Once someone held my hand through pretty much this entire tool, the results were cool. This tool allows you to break your word count down into topics and analyze the relevancy of the words to one topic as compared to the others. You can plug in your own topic count, which is something that you have to play around with to understand how much overlap exists and when it does. Do we want to decrease the number of topics, etc. — the things an analyst would know that I don’t. You can then go on to use this data to pinpoint what you might need to focus on in certain areas… like if your Midwestern shipping division has a lot of feedback around on-time service, you might have a problem.

Sentiment Analysis

Something about Darth Vader… I dunno. There are four outputs from this tool: negative, neutral, and positive sentiment scores and a compound score. If you add the negative, neutral and positive scores, the total is one, so each column is how much that thing it is (what a terrible sentence). The compound score assigns an overall sentiment between -1 (ALL CAPS ANGRY) and 1 (HAPPINESS!!!!!!!). The results themselves are valuable, but the real value is when you sift through the results and adjust the real range of negative scores. You can then filter on the ranges downstream in order to take actions against certain sentiments.

PDF Reader (3 tools)

This one I actually figured out, but it took me a minute. You can build this out with either two or three tools, depending on what you want to do. The PDF Input allows you to select a folder, so you are inputting however many PDFs exist in that folder, and you must be cautious of that.

The results don’t provide any value on their own, but they must be passed into the Text to Image tool, which pulls out the text within the document. It reads digital text (like a Word document saved as a PDF) very well. Image text and handwritten text are not without their problems, but they can be done.

There is a third tool that can be added, called the Image Template. Here is where the possibilities get wild. On this tool you can select pixel ranges and name them. Those names will be the headers to your output. This, when fed into the “T input” of your Text to Image tool, creates a template of how it is going to process the documents coming from your PDF Input.

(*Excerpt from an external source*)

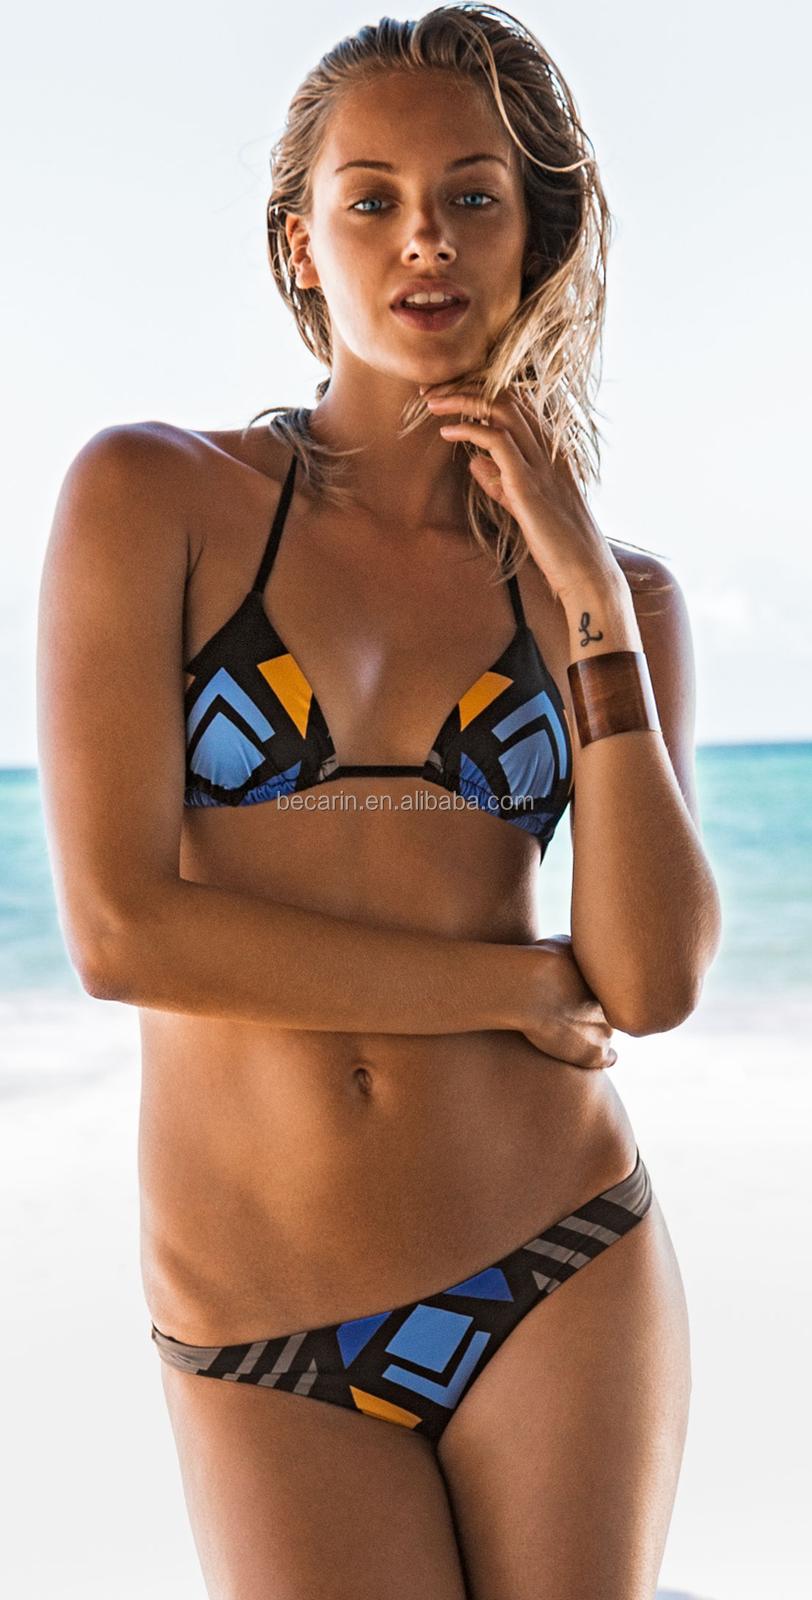 Chicas Super Micro Sexi Caliente Chica Bikini Fotos Modelos Buy Xxx Sexy Bikini Chica Traje De Baño Fotossuper Micro Sexi Bikinibikini Modelos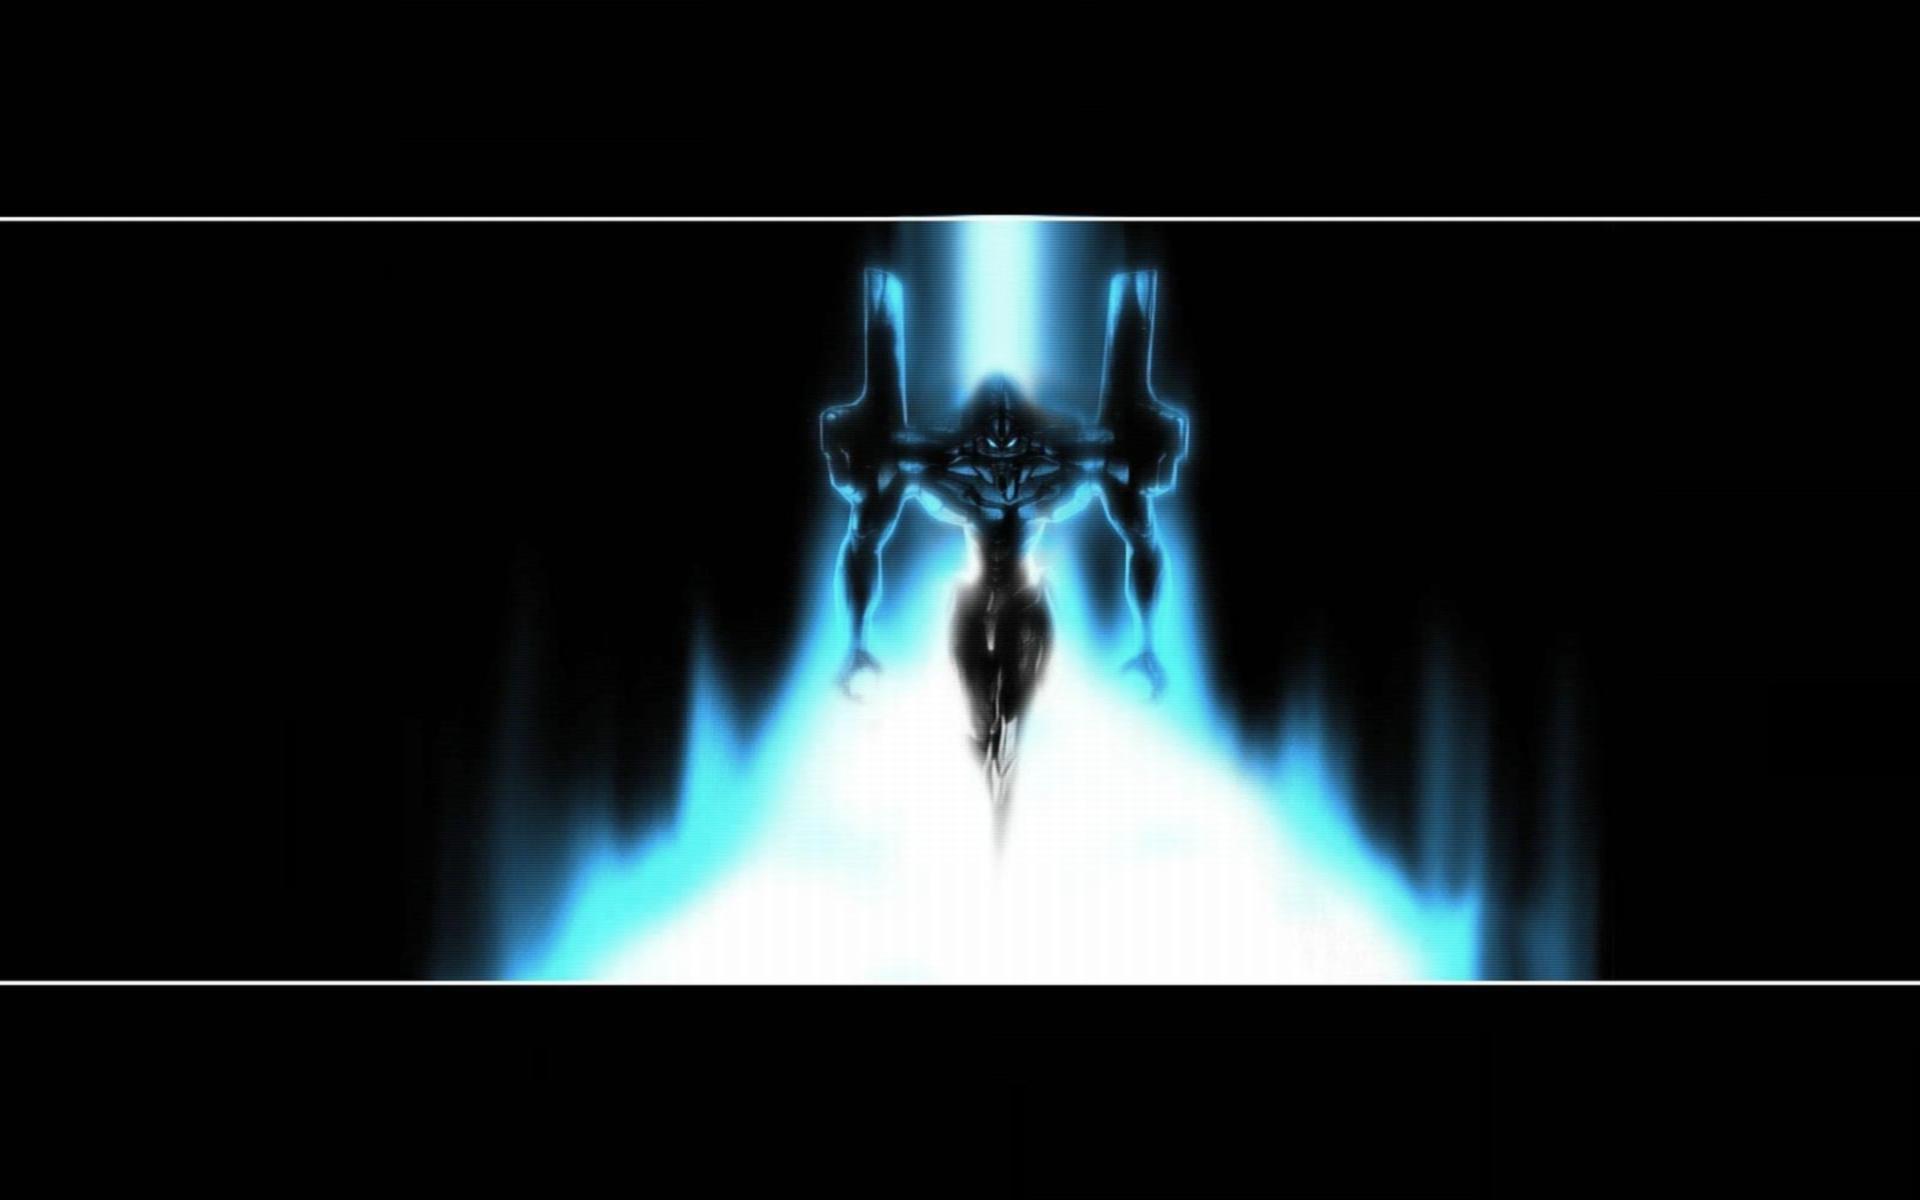 Anime - Neon Genesis Evangelion  Evangelion Wallpaper

The example that I want to see built out is someone who has a ton of form documents that were all rendered to be formatted EXACTLY the same. A great example would be W-2s (or other tax docs). You could format the first one to say this section is box 1, this section is box 2, etc., and then mine that from all the documents in that folder. You don’t have to sit there and manually enter all of them. The key to this is the formatting. Since the tool is pixel based, the information has to be in the same spot. These tools, I would say, are weird in their design. They seem to have been created with a use case in mind, where rather than grabbing one PDF and just reading it, we must have it in a location with no other PDFs inside. If multiple PDFs exist in a folder, it will process all of them, which depending on the amount of files and pages within those files, can take a long time to do. That doesn’t make sense on the first pass, but when you think about these massive intakes of PDFs, it starts to make sense.

The Bad

Going back to the fact that I don’t know what I am doing… I did some bad things. Things I would not have known about unless guided.

Word Cloud

I want someone to give a good reason that word clouds exist. @EricaR mentions that she uses it to quickly find stop words that haven’t been removed with the Text Pre-Processing tool, which is fair, and I will use it that way. You can use an image to create the shape of your cloud, so that’s cool.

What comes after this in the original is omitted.